With a private account, they have to apply to follow you and you have to approve them. Moreover, if they want to unfollow you, Instagram pops up a warning that they’re about to unfollow a private account, and that to follow it again in the future will require approval again. There are plenty of people who, when presented with the consequence of their action, will second-guess themselves and keep following you instead. Thus, you have potentially higher follower retention.

The Downsides to Switching Your Account to Private

So if going private can boost the close-knit nature of your audience, retain followers, and grow more followers due to the closed nature of the account, why not do it? Well, there are several drawbacks to clicking that button.

First of all, you can’t switch a business account to private. If you want to be private, you have to be a personal account. This means for brand accounts, you lose access to analytics, ads, and many third party API-based platforms. That’s a lot to lose, especially for a brand. Meme accounts that survive on affiliate links and not much else can do it fine, but if you rely on ads, if you need analytics, or if you want to be correctly labeled as a brand, you need to stay public.

Personal Profiles Not Allowed for Businesses

Secondly, a lot of people will decide not to follow you when your account is private. Some people react adversely to FOMO; rather than following to see what they’re missing, they automatically declare you not worth it. After all, maybe your content sucks, and that’s why you’re hiding?

A third major drawback is the lack of organic exposure. Think about all of the sources of traffic, visibility, and engagement you get from Instagram.

  • Your content shows up in hashtag and geographic tag feeds.
  • Your content can be embedded on websites, both your own and others.
  • Your content shows up in searches through Instagram’s search engine.

All of this is lost when you set your account to private. Users who follow you can DM your content to their friends – which will show as unavailable – but these other forms won’t even show your account at all.  The only way you’ll show up is when a user is searching for your account name.

Another possibly major drawback is the fact that you can lose verification. According to Instagram rules, you can’t be verified if your account is private, and it’s possible that if you’re a verified account and you go private, you will lose that verification. Now, I know some large accounts from public figures don’t lose verification because of this, or they can get it back right away when they change to public again, but that doesn’t mean you’re big enough to get that kind of special treatment.

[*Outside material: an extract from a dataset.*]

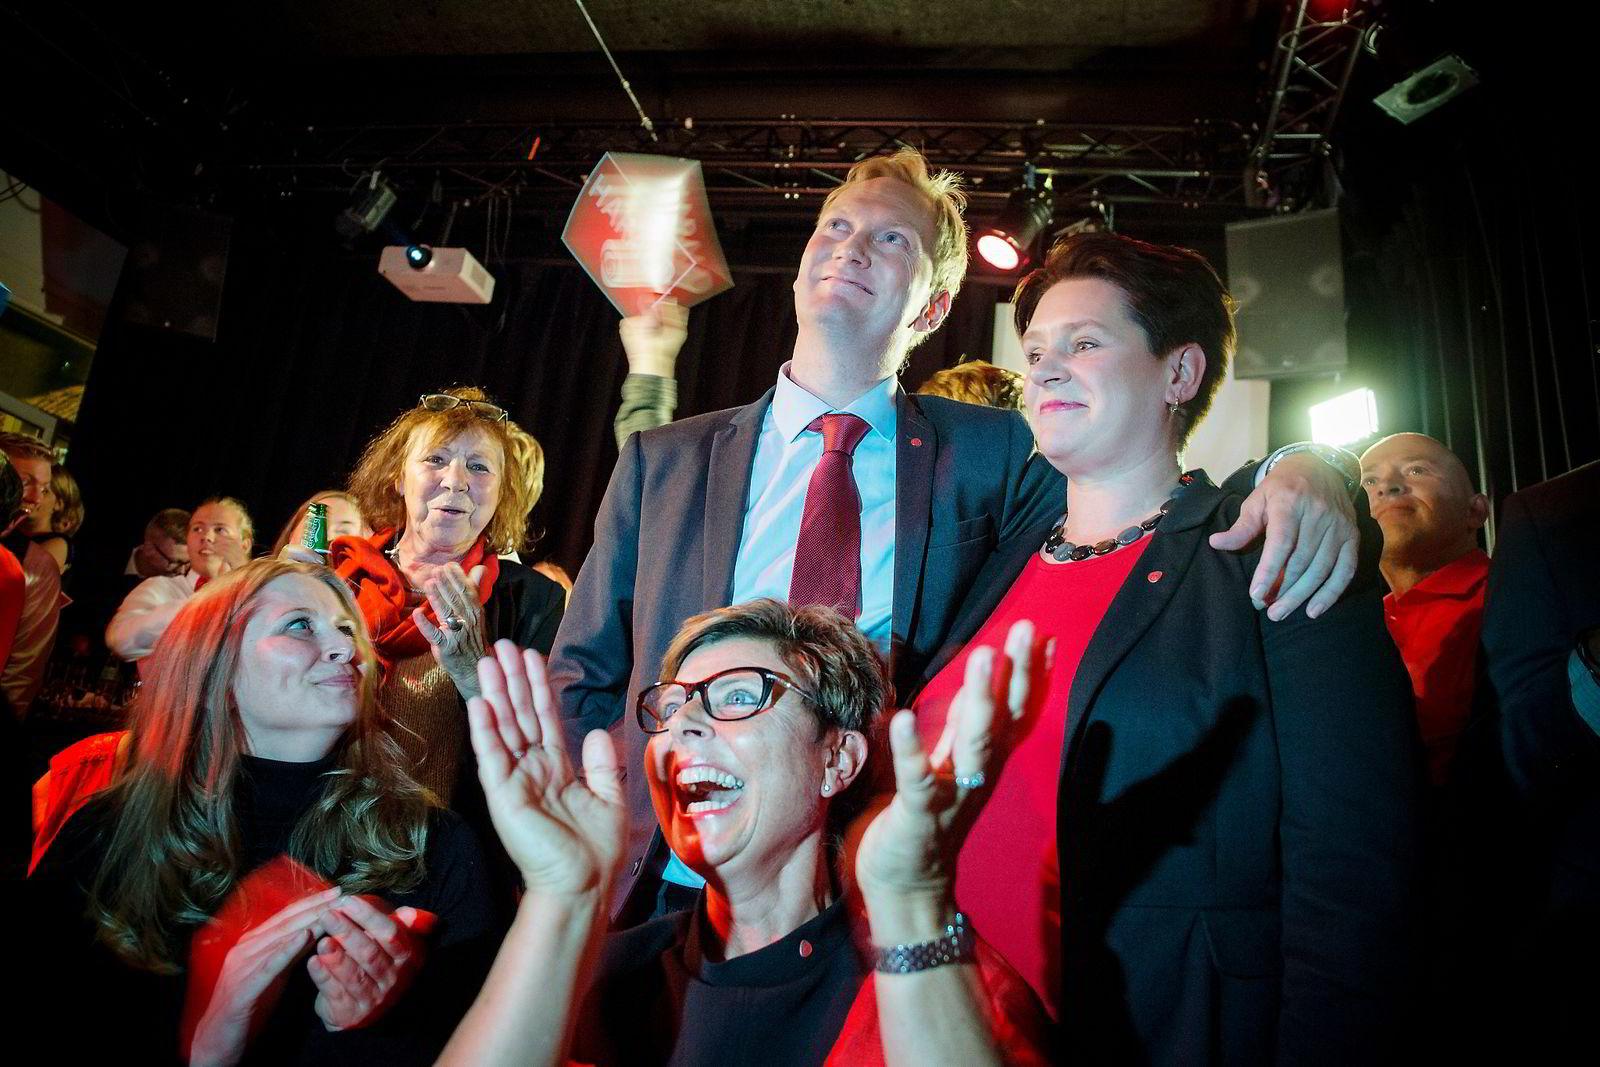 APs ledertrekløver i Bergen Harald Schjelderup, Marte Mjøs Persen og Anne Gine Hestetun (sittende, med briller) feirer prognosen.

Instagram Verification Badge Fading

On top of all of that, you lose out on what I call “spontaneous opportunity.” A fitness model might miss out on being scouted by a magazine because her account is private. A business owner might miss out on a book deal because the potential publisher can’t see their content. Even something as simple as a shout-out trade might be torpedoed because you don’t have the public visibility another account wants.

Probably one of the biggest drawbacks is that the follower growth technique only works once your account is big enough. If you only have a few thousand followers, no one is going to think you’re worth the effort of following. After all, how good can you be if you only have a few thousand followers?

Taking your account private basically trades all forms of Instagram engine discovery, like tag feeds, the explore page, and search, in exchange for like gating. This works for meme accounts and large-scale joke accounts, but it’s much less effective for business accounts.

So, should you take your account private? If you’re a business, probably not. You can certainly give it a try, but it might not be a great idea.